The couple were self destructive before they met, and their love is often overcome by such impulses, there's an instability to their relationship because Alex (Denis Lavant) can no longer imagine living without Michele (Juliette Binoche), who he fears will return to a regular life, thus he's irrationally possessive. There's also an urgency to their love, and the film in general, especially from Alex's perspective because he has nothing to fall back on. The whole City Lights aspect where The Tramp is afraid the woman won't want him if she regains her eyesight through an unexplained miraculous surgery isn't particularly effective, but Carax is concerned with depicting the rollercoaster of emotions in as spectacular a manner as possible, so he's fine with sacrificing something in the believability department.
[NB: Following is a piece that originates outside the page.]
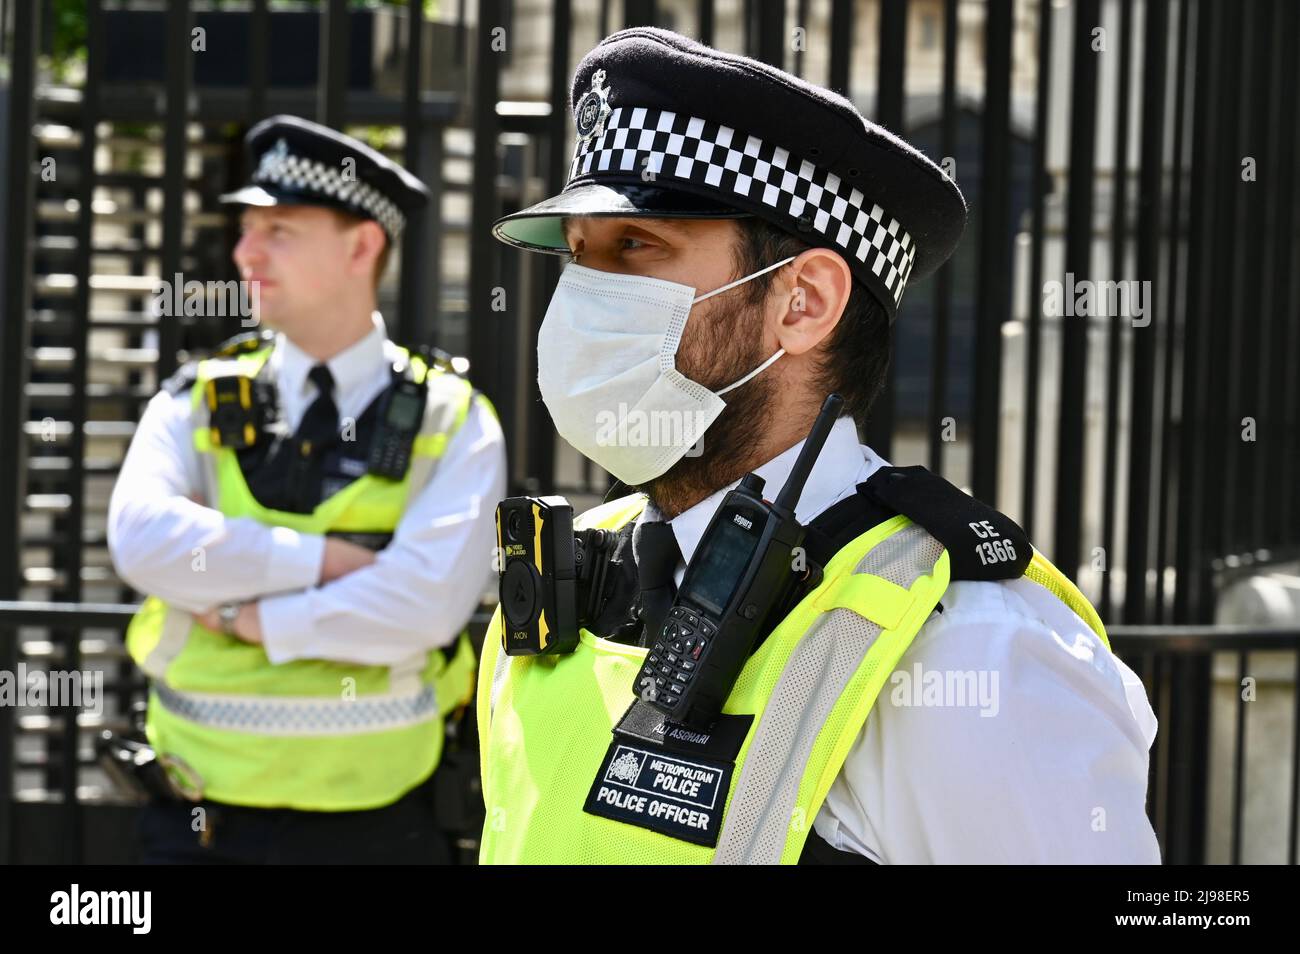 London, UK. Metropolitan Police Officers guarded the entrance to Downing Street. An Anti-Vax march took place in Central London today culminating in a rally outside the gates of 10 Downing Street. Stock Photo

Carax is successful at transforming the bridge into a symbolic and metaphoric character. Like Alex & Michele's lives, it's in need of a restoration. We never see any of the construction to fix it despite the signs that note it's closed for reconstruction, but the bridge not on acts as their home base, but transforms itself into a playground. Rather than expressing their interior through their own exterior, Carax uses that of their surroundings.
Carax makes no bones about the influence of Jean Vigo on the cinematic experience he's presenting. It's as if Vigo's newlyweds from L'Atalante took their honeymoon on the bridge rather than the barge. The grouchy old vagrant (Daniel Buain) who supplies Alex with downers and wants Michele off the bridge because he'd prefer to never see another woman, especially someone who looks like his deceased wife, is a version of Michel Simon's character in L'Atalante. However, he isn't as entertaining, nor is he a particularly well utilized third fiddle. The rest is pretty wonderful though, particularly the lovely final segment where the lovers tumble into the water only to be picked up by a sand barge run by a happily married couple meant to evoke Jean & Juliette, and Alex & Michele proceed to walk across the ship in homage. Most importantly, the poetry of the sometimes surreal and fantastic images and the rhythm of the edited are certainly on par with the great master Vigo.
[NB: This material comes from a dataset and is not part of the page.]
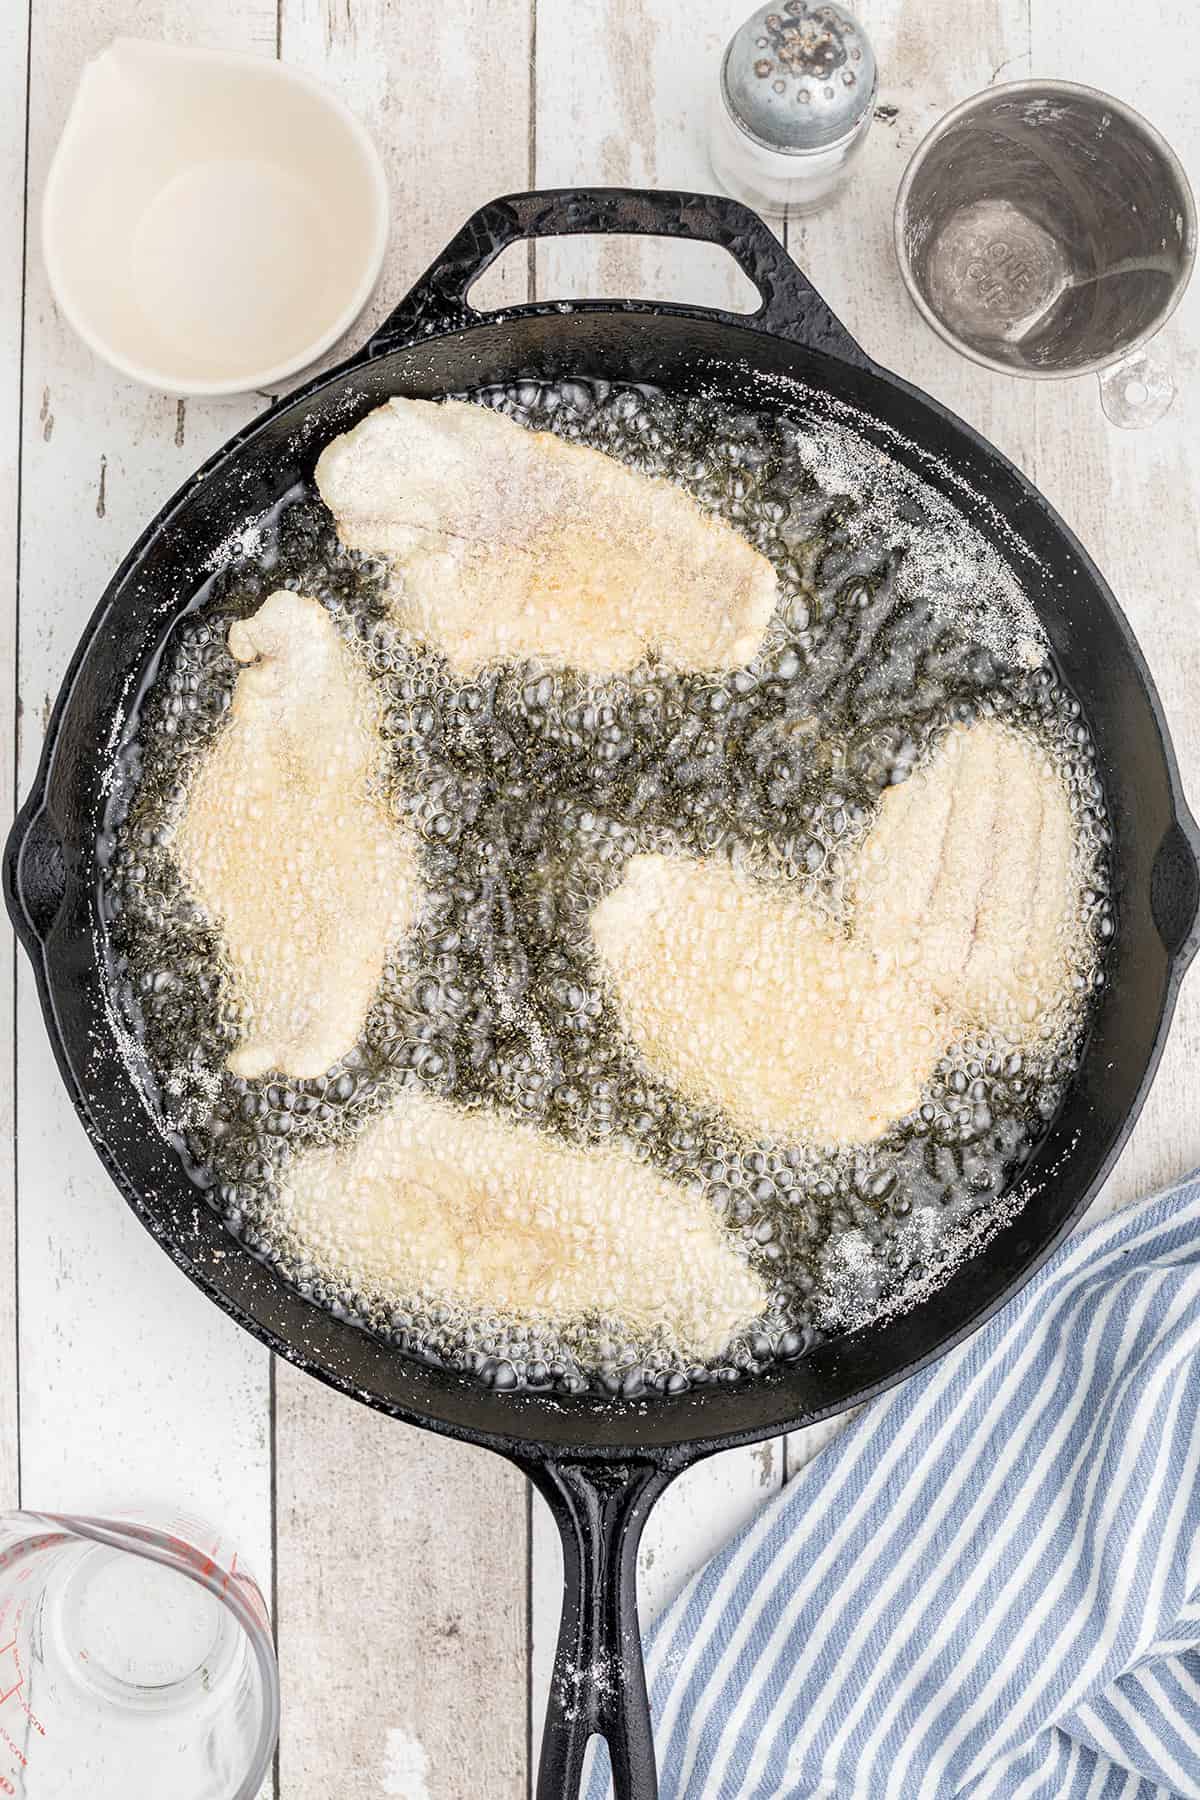 Catfish frying in a skillet.

Lovers on the Bridge is nothing if not one of the greatest visual feasts ever committed to celluoid. Carax uses a blue/red color pallette to add to the emotions of his kinetic fantasy where the audience is primarily meant to respond to outside stimulus, both from the surroundings, accentuated by all the cinematic techniques including spacial framing, panoramics, and crane shots. We become used to Alex and Michele's squalor, but the series of disparate close-ups that creates almost a slide show of the horrors of homelessness remains unforgettable. I find Lovers on the Bridge unbelievable and am sometimes annoyed when the joyful but oft dubious romance is emphasized to the point there's no real struggle to survive life on the streets, no worry about where their next meal is coming from, but at least 90% of the films being made strike me as existing in a fantasy world. What's more important is that Leos Carax's work is in that 1% that provide a remarkable cinematic experience. Most films set out to entertain, Carax succeeds in creating ecstasy. There are picture shows, and then there are picture shows.